Robberies and violence have become more common at local pharmacies across the country. This article takes a look at some past incidents, why these incidents are occurring and how pharmacists and pharmacies can protect their locations from becoming a victim of a robbery and how pharmacies can understand how to protect themselves from what is becoming known as narco-violence.
On a quiet June day in 2011, in a tiny pharmacy in the sleepy suburban town of Medford, New York, a deranged gunman high on prescription drugs executed four innocent victims in cold blood. “In all of my law enforcement experience and in the experience of the police that are involved in this investigation, this is one of the most heinous, brutal crimes we have ever encountered,” Suffolk County Police Commissioner Richard Dormer said at a news conference describing the incident. On July 11, 2011, Michael Todd, the bassist for the progressive rock band Coheed & Cambria walked into a Walgreens pharmacy in Attleboro, MA, handed the pharmacist his cell phone, which had a text message stating he had a bomb, and demanded OxyContin. The pharmacist told him the store does not carry the powerful pain medication and instead handed over six bottles of oxycodone, the active ingredient contained in OxyContin. Todd left the pharmacy, jumped in a cab and headed to the Comcast Center in Mansfield, where he was arrested prior to going on stage. Although the above-referenced cases would have been incomprehensible a few years ago, those who illicitly seek powerful pain drugs from pharmacies are becoming more brazen and the crimes more bizarre.
According to the Drug Enforcement Administration, there has been a significant increase in pharmacy robberies throughout the United States. Suspects typically include both addicts and drug dealers who know the street value of powerful and addictive prescription drugs. In the wake of the killings in Medford, New York, Senator Chuck Schumer said ” the abuse of prescription narcotics is reaching levels not seen since the crack epidemic of the 1980’s and Pharmacy robbery early 1990’s”. The violent crime that takes place every day, typically associated with the illicit manufacture and distribution of drugs like cocaine and heroin, is taking place in pharmacies across the U.S. by those in search of drugs that are ordinarily found in the medicine cabinet.
The local pharmacy employee is as vulnerable to being the victim of a violent crime as the clerk at the local convenience or liquor store. As the risks increase so do the safeguards that pharmacies are taking to protect their stores and employees. This trend has caused some pharmacies to change the way they do business; enhanced security measures are commonplace today. Surveillance cameras, silent alarms, employee panic buttons are now common. These concerns have caused some pharmacy chains as well as independent pharmacies to discontinue fulfilling prescriptions that contain oxycodone. Several have placed signs in their front window stating that they do not carry certain oxycodone products. Like the bank employee who inserts a red dye pack during a robbery, one national pharmacy chain installed a tracking device contained in a bogus OxyContin pack, which resulted in the capture of several robbery suspects.

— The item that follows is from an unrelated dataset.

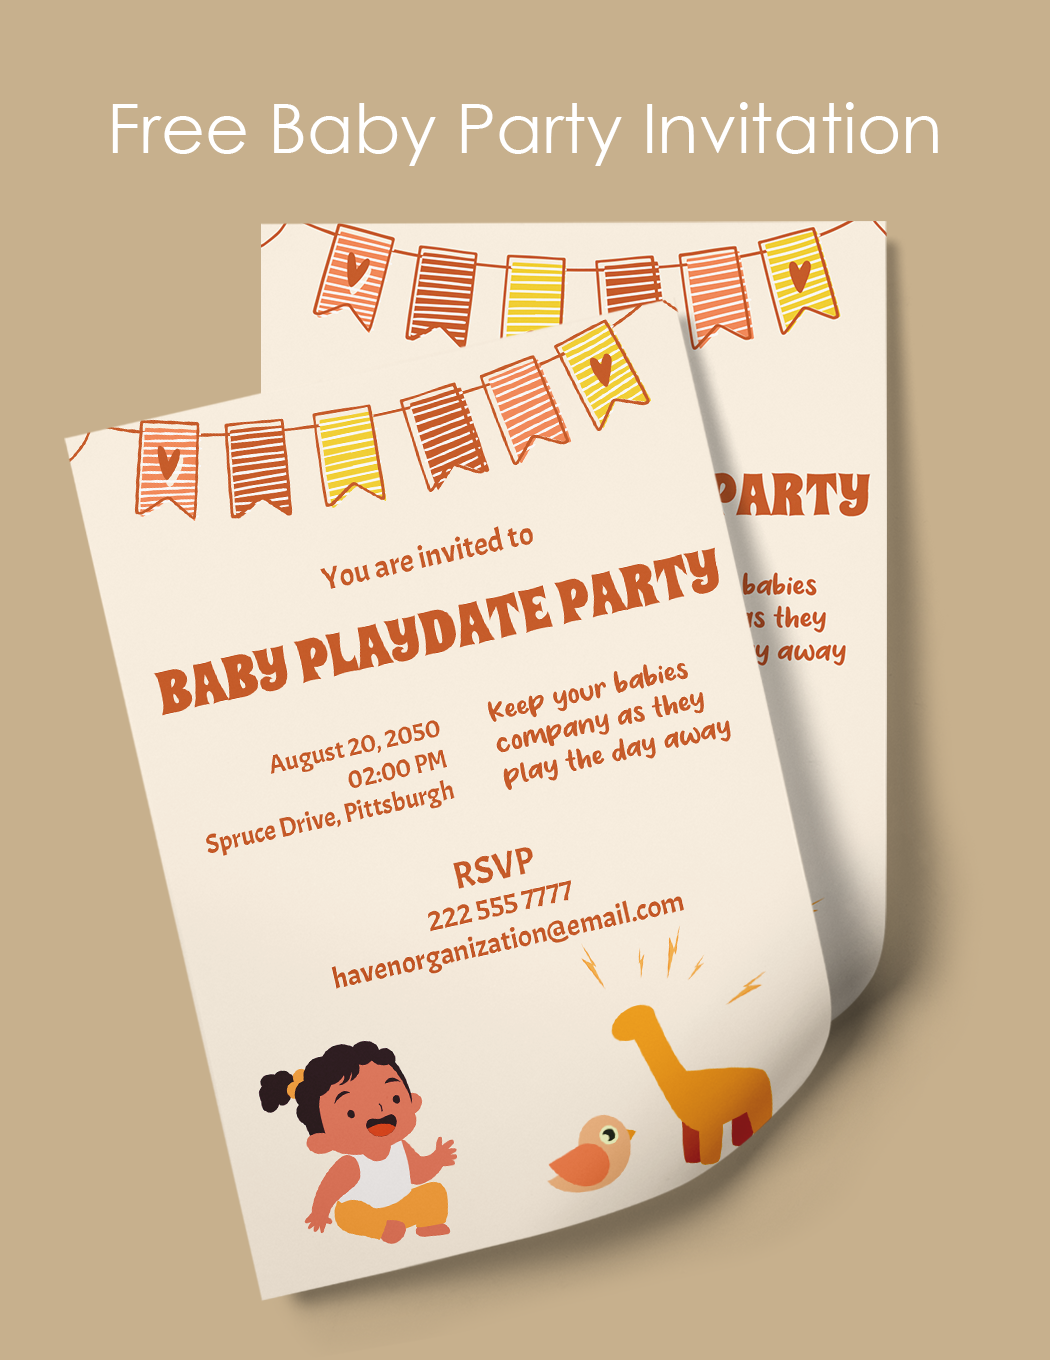 Baby Party Invitation

When opiate based pain medications are abused they may provide a high similar to heroin. Many who become addicted to powerful prescription painkillers subsequently begin abusing heroin, which is often cheaper and easier to obtain. The difference between the addiction to a licit drug and an illicit drug becomes a matter of availability and economics. The crimes and social costs that are associated with heroin addiction and prescription drug addiction are the same; the stigma between them has disappeared. Law enforcement and social service agencies are exhausting resources dealing with the subsequent societal by- products. Treatment centers and homeless shelters are filled to capacity with people who became addicts and whose lives ultimately spiraled out of control. Prisons are full of inmates who committed crimes to facilitate their need to get high.
The pharma industry has developed and marketed powerful pain medications that are worth their weight in gold to the millions of Americans who suffer from chronic pain. Unfortunately, these drugs are also worth their weight in gold to those who misuse, abuse and illicitly distribute these controlled substances. The narco-violence that is associated with drugs does not discriminate between powder and a pill, which is why your local pharmacy is becoming as fortified as your local bank.